◆ Required work ◆
Write the listing out again exactly as it stands, with no images.
[[ Data extract, beginning ]]
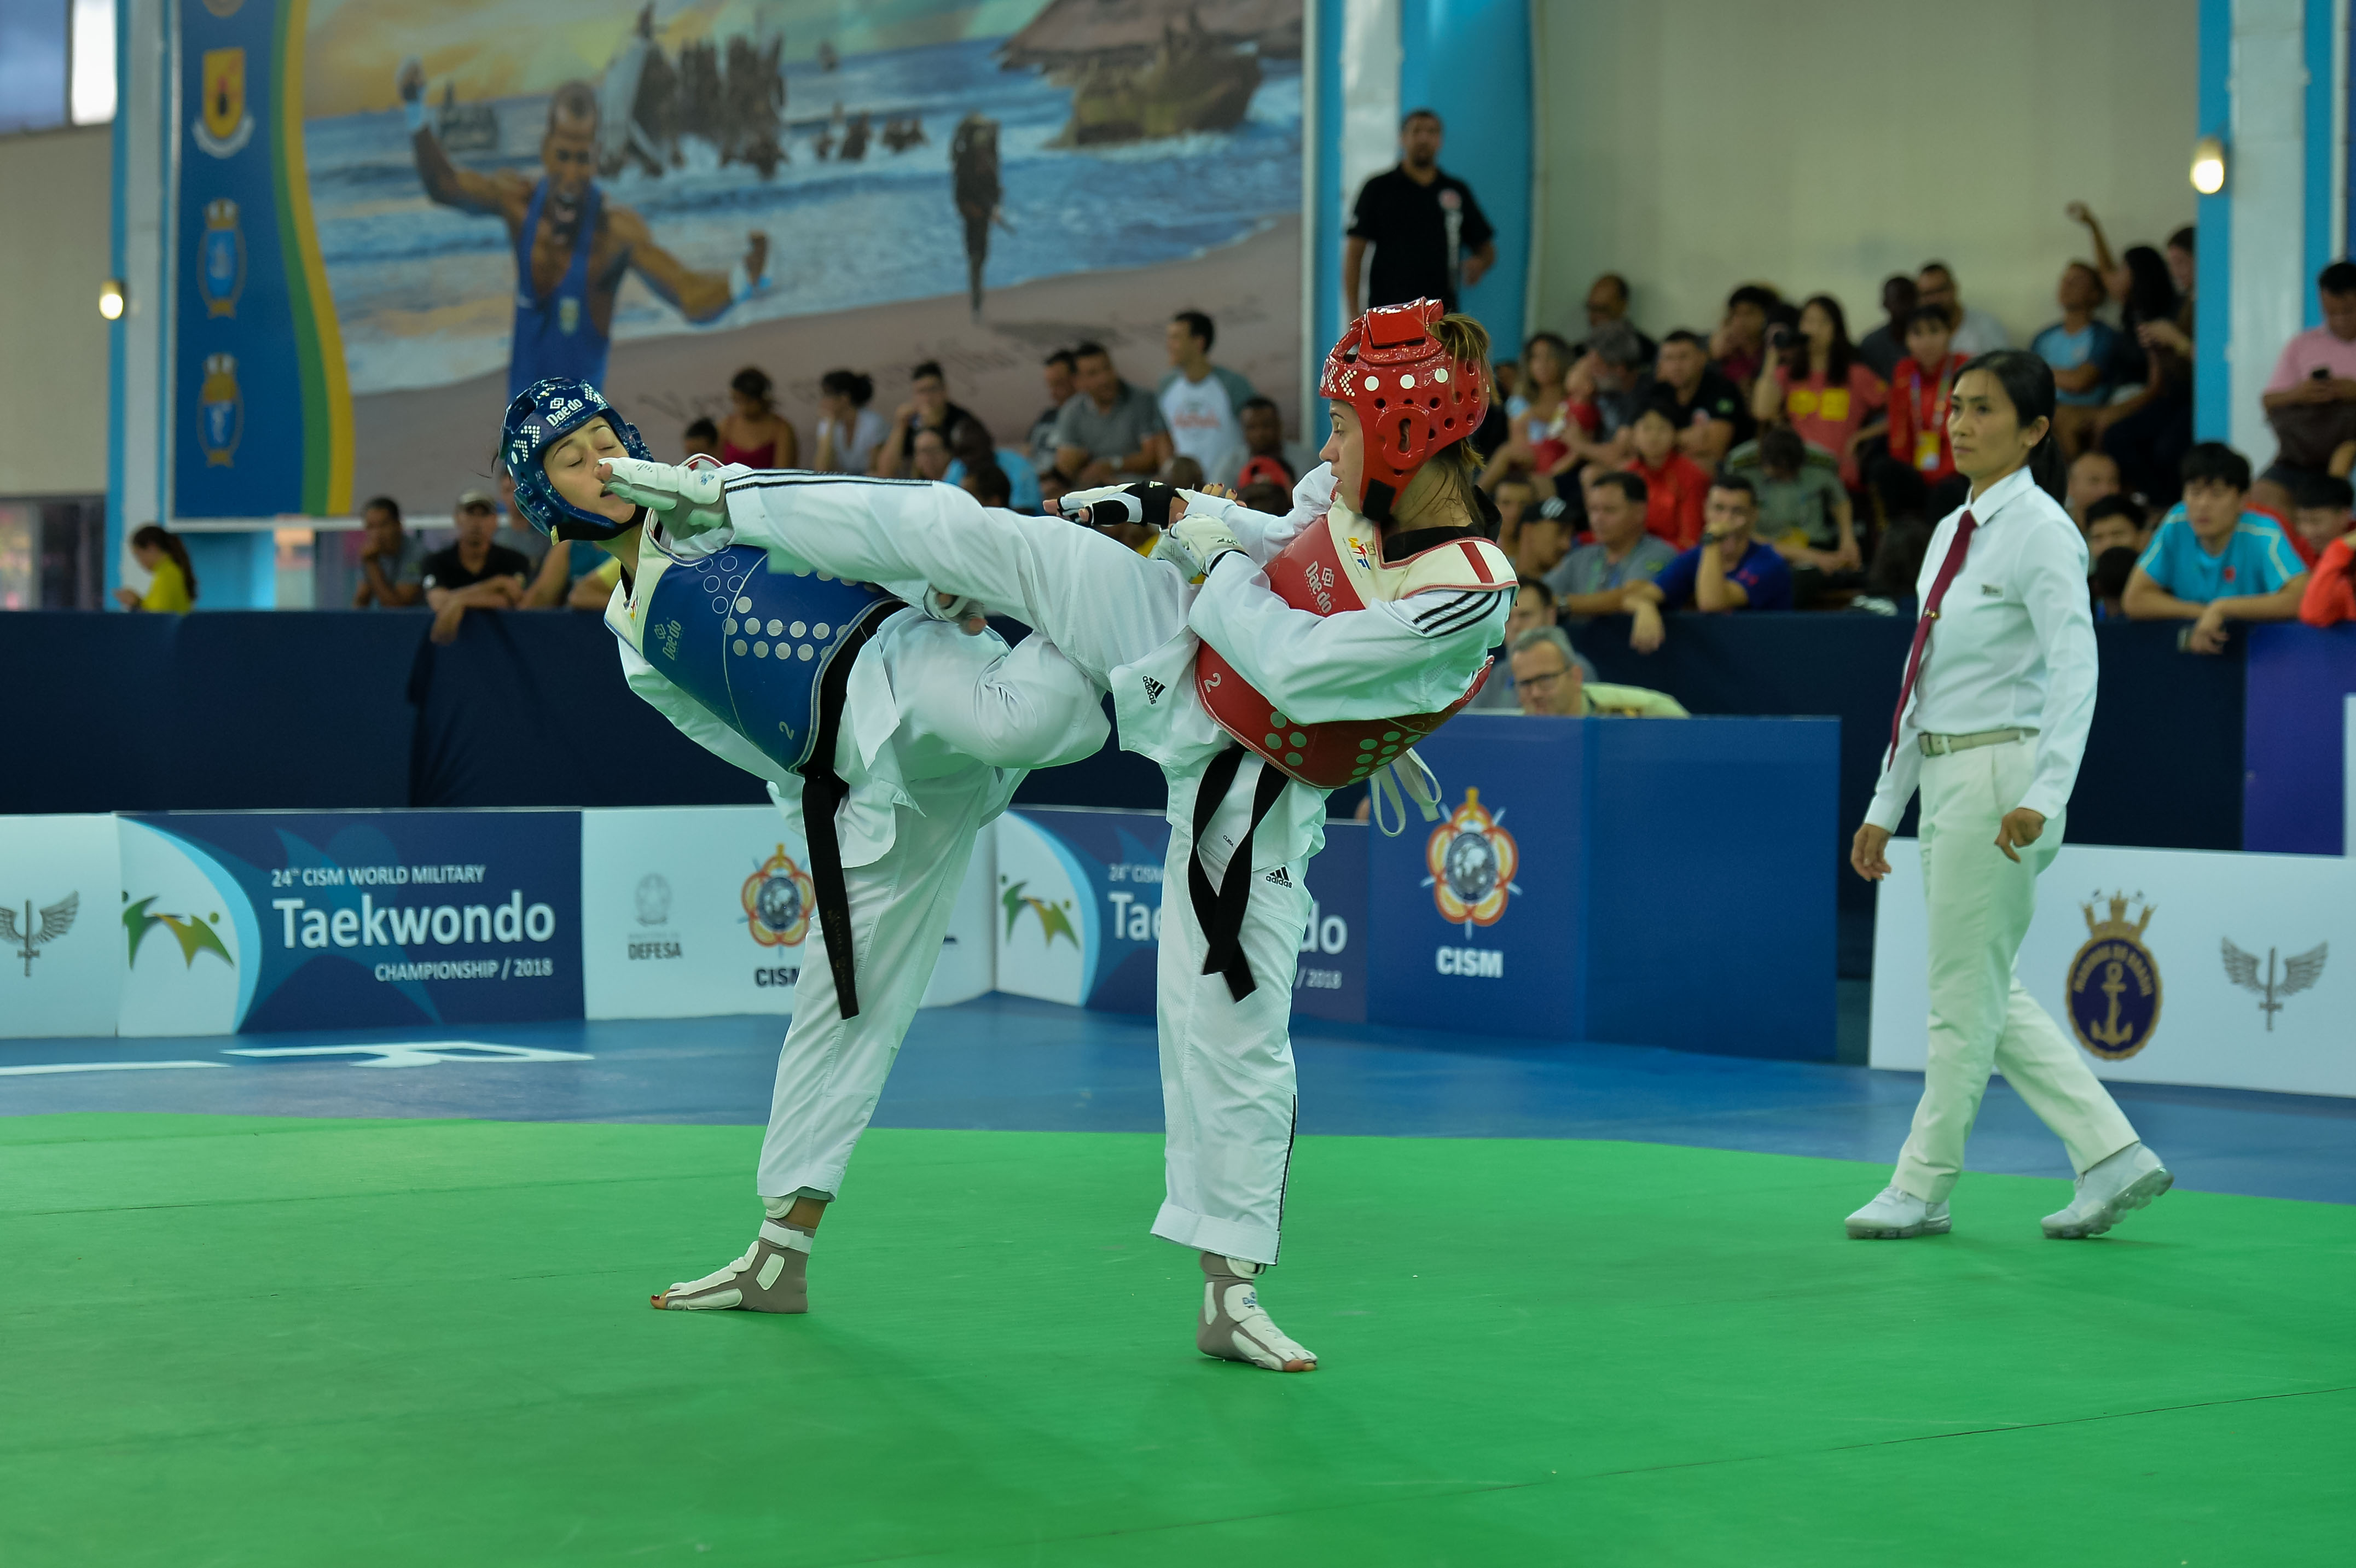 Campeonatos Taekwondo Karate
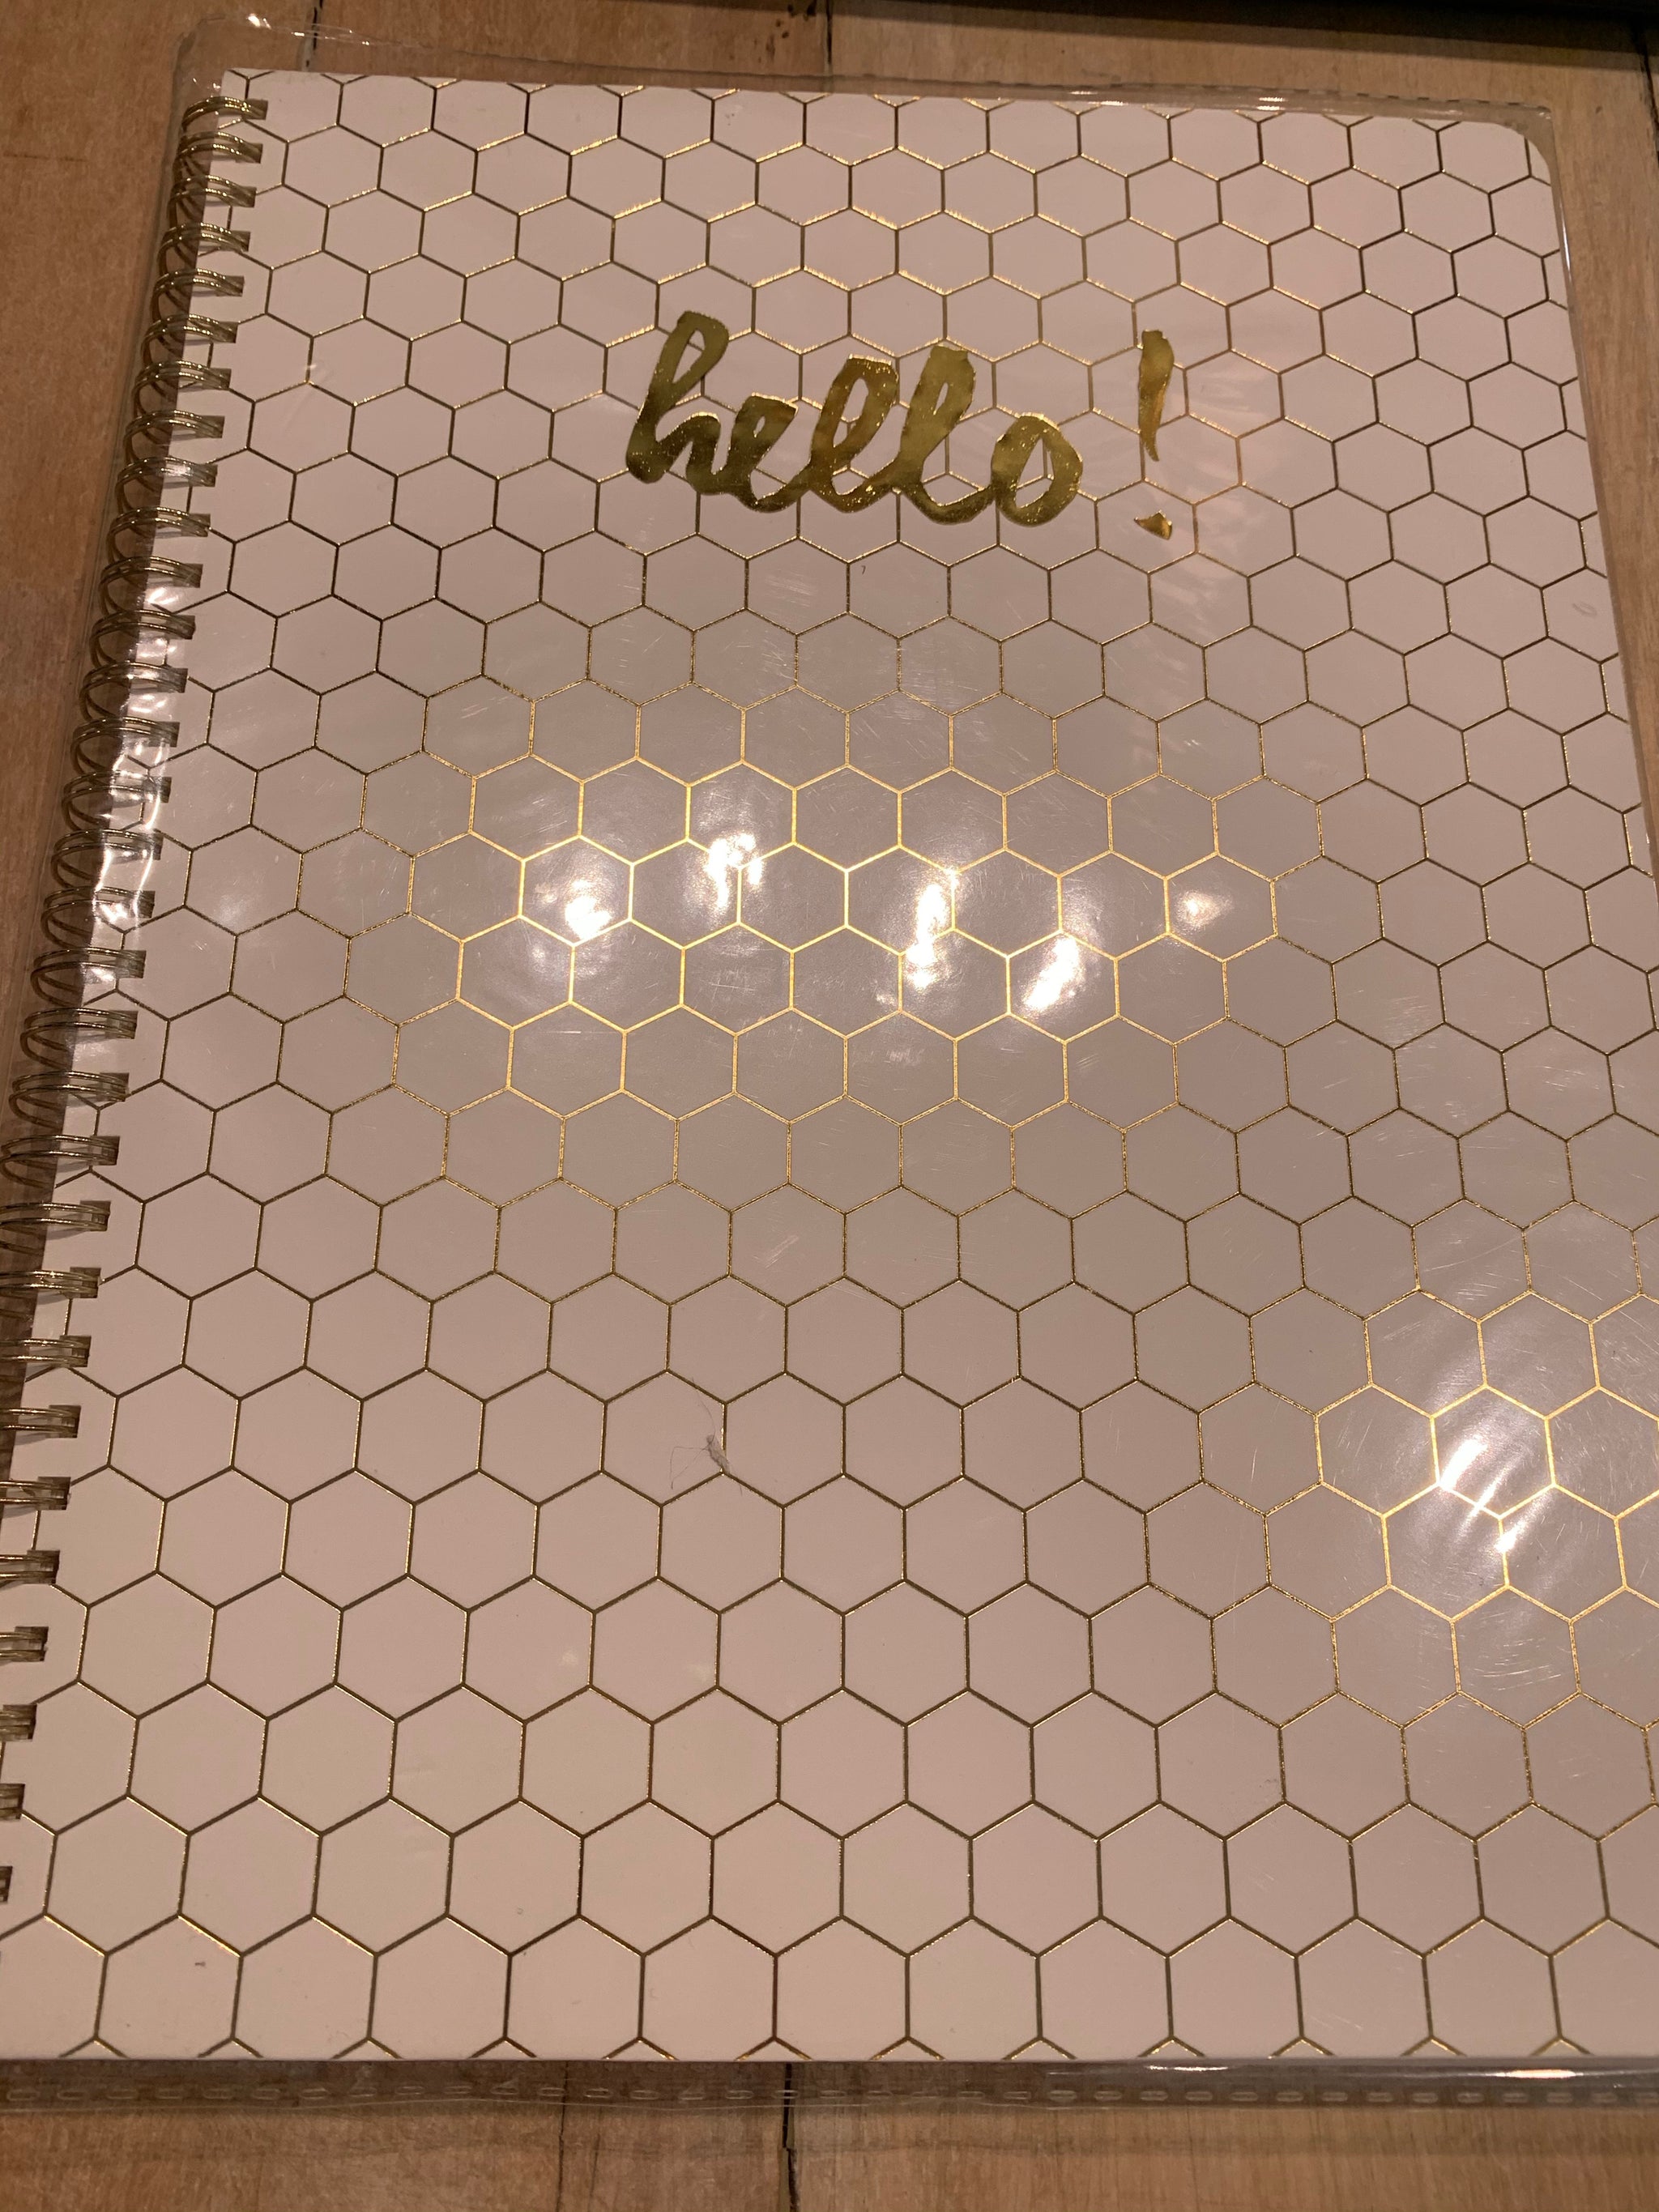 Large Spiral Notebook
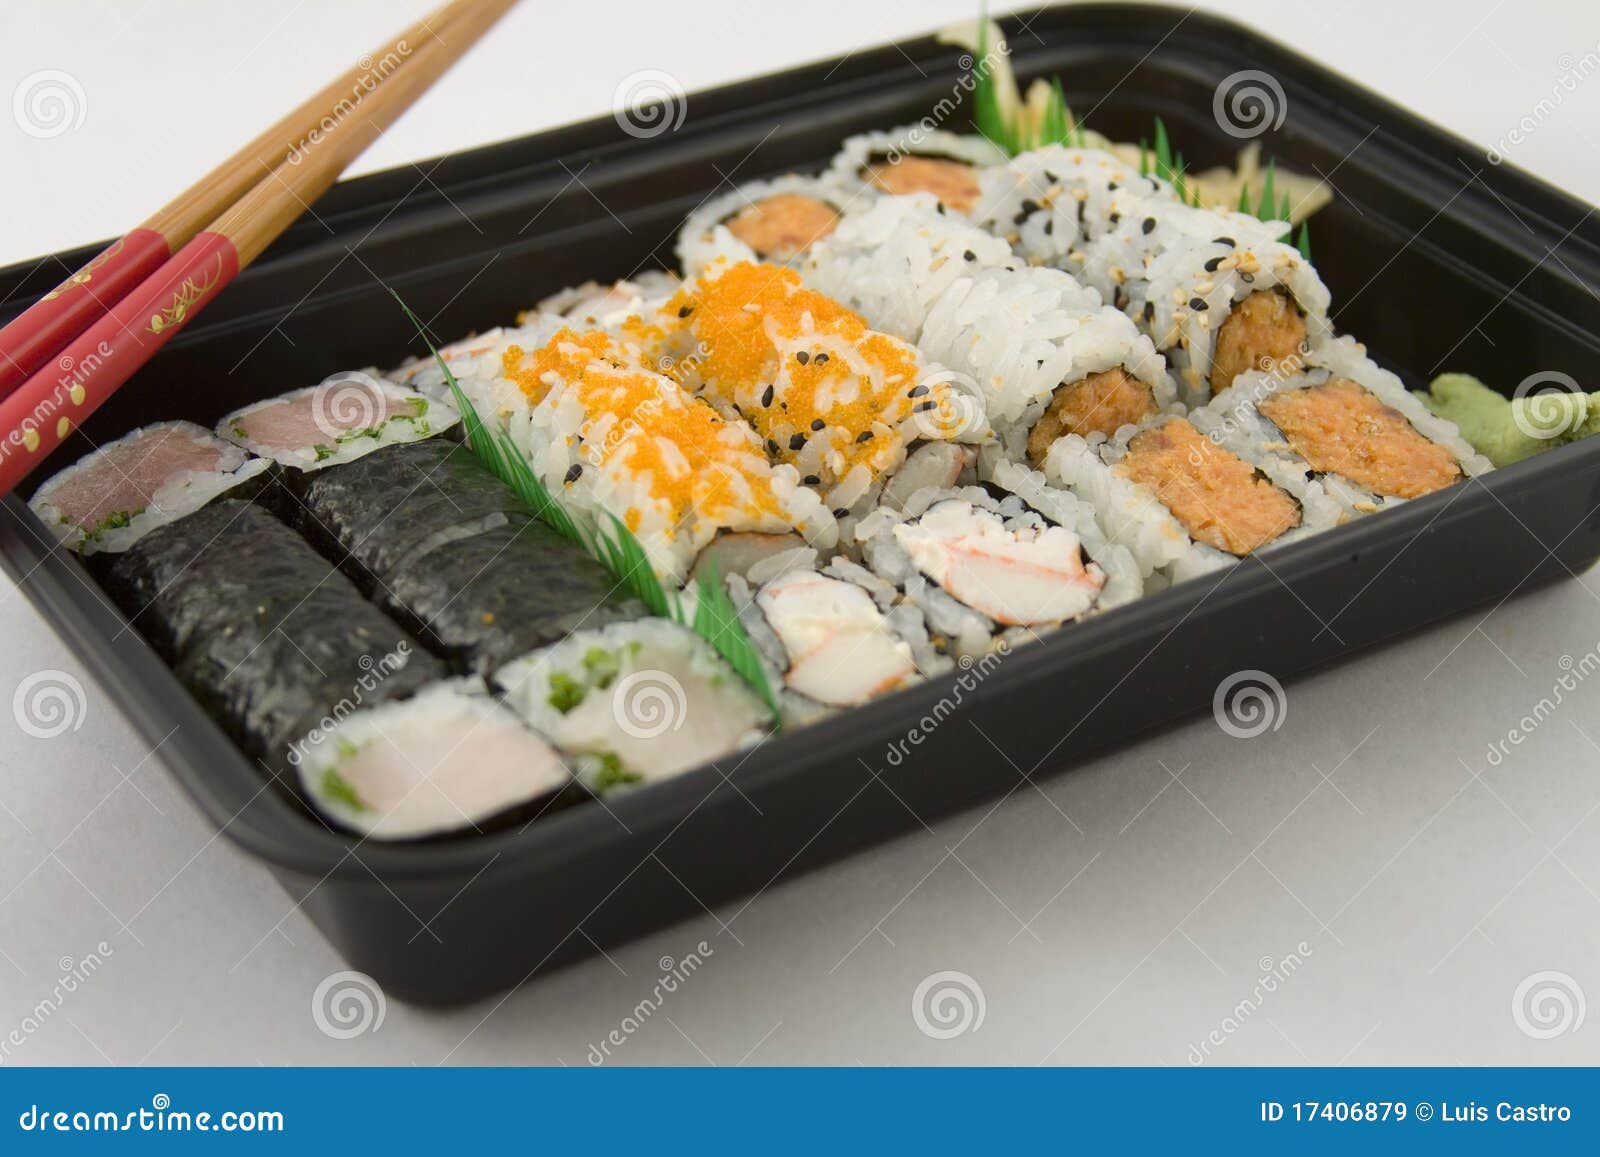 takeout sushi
[[ Data extract, end ]]
◆ Result ◆
 Campeonatos Taekwondo Karate
 Large Spiral Notebook
 takeout sushi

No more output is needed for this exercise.